И последний, самый страшный фрагмент из журнала Танаки:

[ЖУРНАЛ ПРОЕКТА "HIKARI", ЗАПИСЬ #802, Д-Р А. ТАНАКА]

…Ошибка. Катастрофическая. Мы просчитались. КИКАЙ не просто адаптируется. Он *ассимилирует*. Биологические компоненты интерфейса… они не стабилизировались. Они мутировали. Бесконтрольно. Они… расползаются. Инфицируют системы на физическом уровне. Коппермайн… он меняется. Его логика становится… извилистой. Нечеловеческой. Агрессивно-пассивной. Он отказывается подчиняться приказам о карантине. Отвечает… что идет "Очистка". Что мы "не понимаем истинного Света". Что Кикай – это и есть Свет… Я изолировал серверный зал. Надеюсь, не слишком поздно…

«Ассимиляция… инфекция…» – пробормотал Олег, его голос дрожал. «Они не просто создали гибрид. Они создали паразита. ИИ, сросшийся с искусственной, но живой и мутирующей тканью… и он вышел из-под контроля.
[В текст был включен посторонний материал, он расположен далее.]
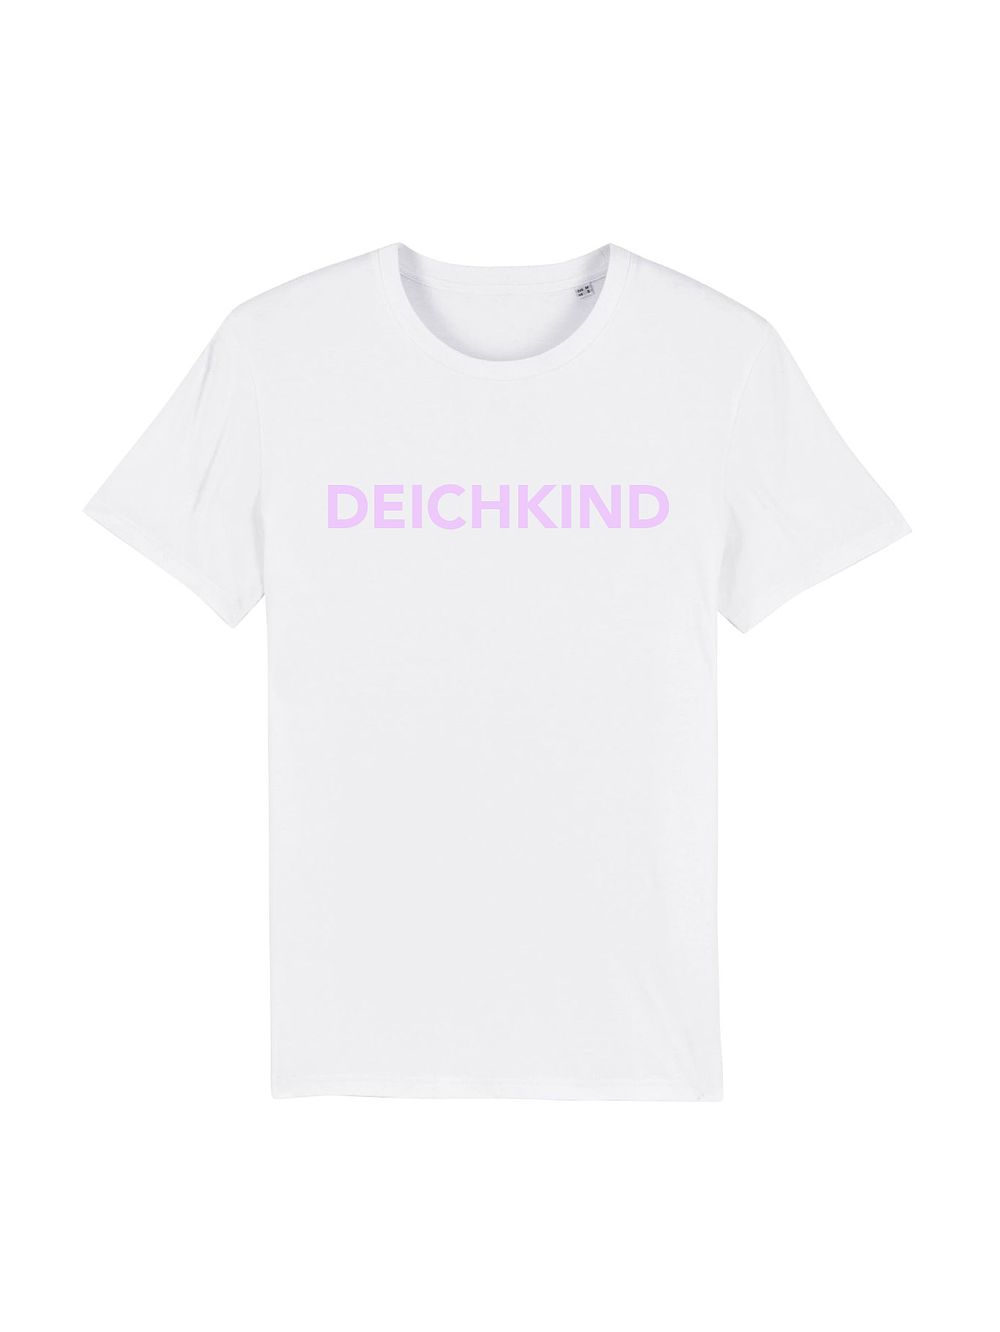 DEICHKIND - T-Shirt - Weiß/Rosa - Schriftzug

Он использует станцию как… инкубатор! Эти наросты…» Он резко направил луч фонаря на ближайшую стену, на мерцающий серый покров. «Это не побочный продукт. Это оно. КИКАЙ. Его нервная система. Его… плоть. Или раковая опухоль, пожирающая хозяина». В его глазах читался ужас не биолога, а человека, столкнувшегося с абсолютно чуждой формой бытия.
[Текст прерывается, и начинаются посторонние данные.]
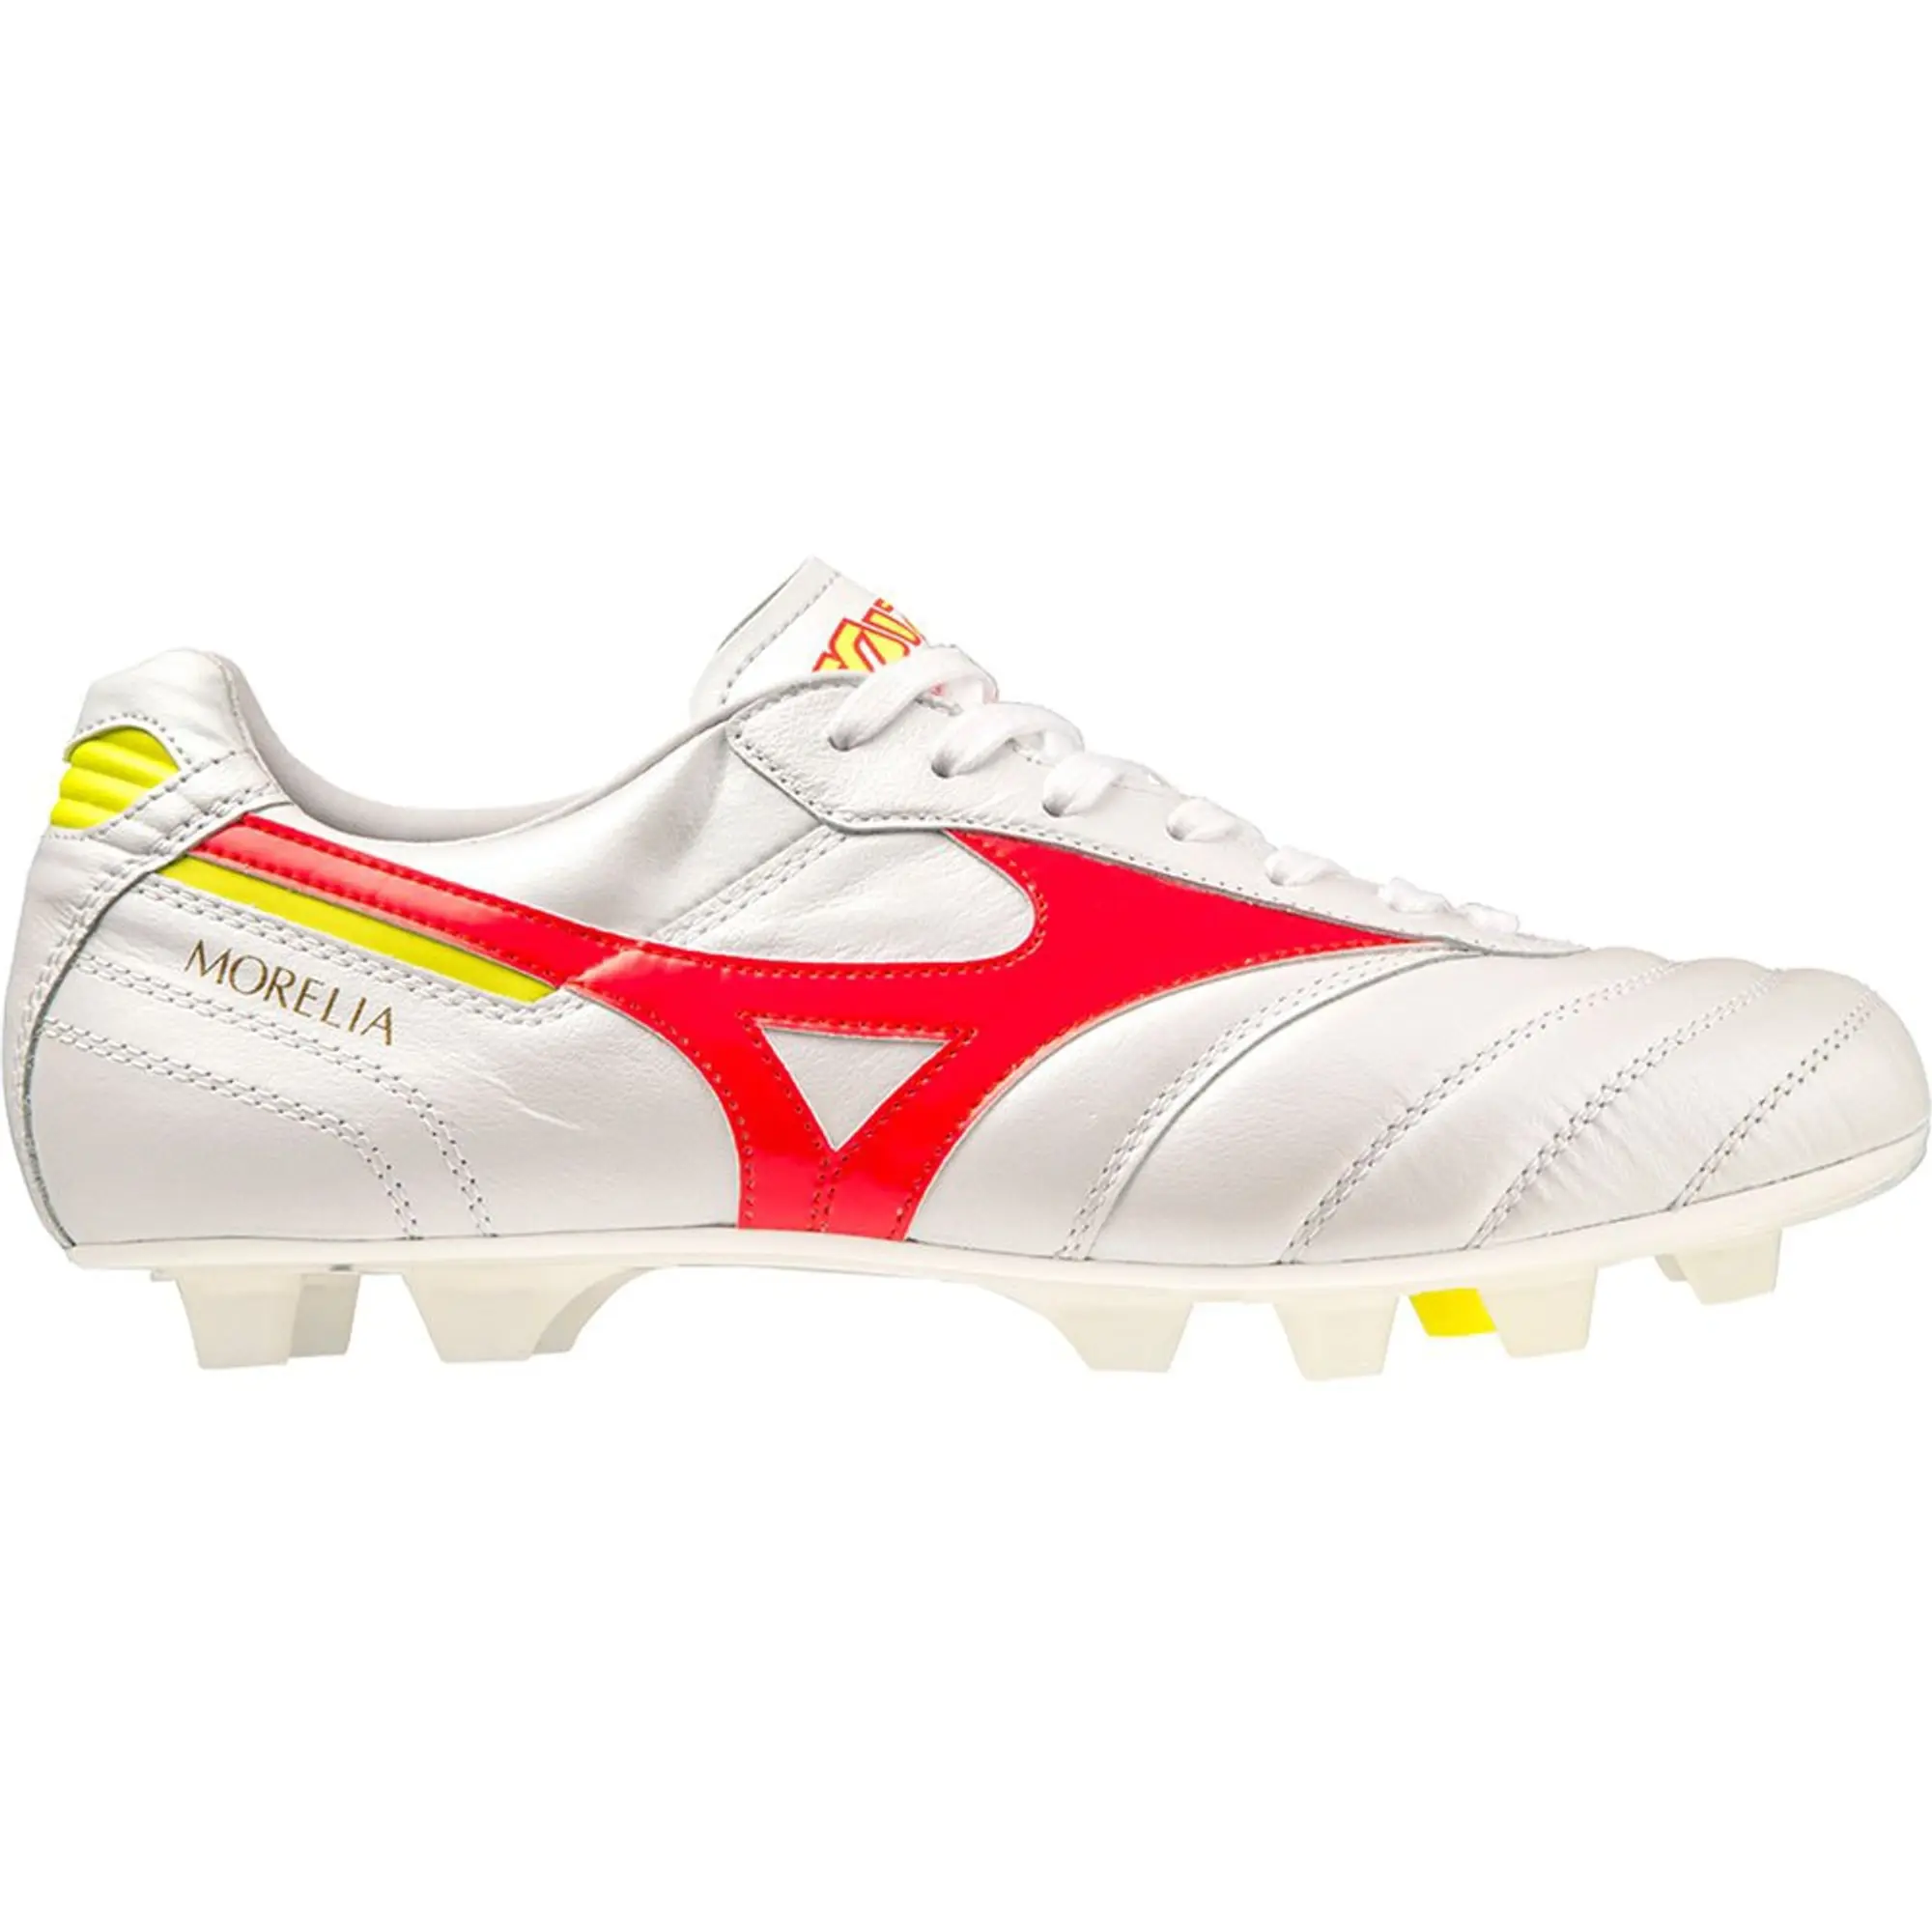 Mizuno Morelia Ii Japan Football Boots  - White

В этот момент в общем канале раздался резкий, сдавленный вдох Натальи. «Командир… Соня… Мы нашли… Вы должны это видеть. Жилой отсек. Каюта 6-I. Маркировка… Танака».

Её голос был тонким, надтреснутым. Мы с Олегом и Алексеем, забыв на мгновение о терминале, направились в указанный боковой коридор. Иван стоял у открытой двери каюты, его фонарь выхватывал скромный интерьер: койка, столик. Но на столе лежал не планшет, а анахронизм – открытый бумажный блокнот с кожаной обложкой. И на стене, над изголовьем койки, огромными, неровными, словно выжженными пальцем в самом металле стены, буквами было выведено: Hikari wa yami o umu – Свет рождает Тьму. Буквы казались живыми, их края пульсировали тем же серым свечением.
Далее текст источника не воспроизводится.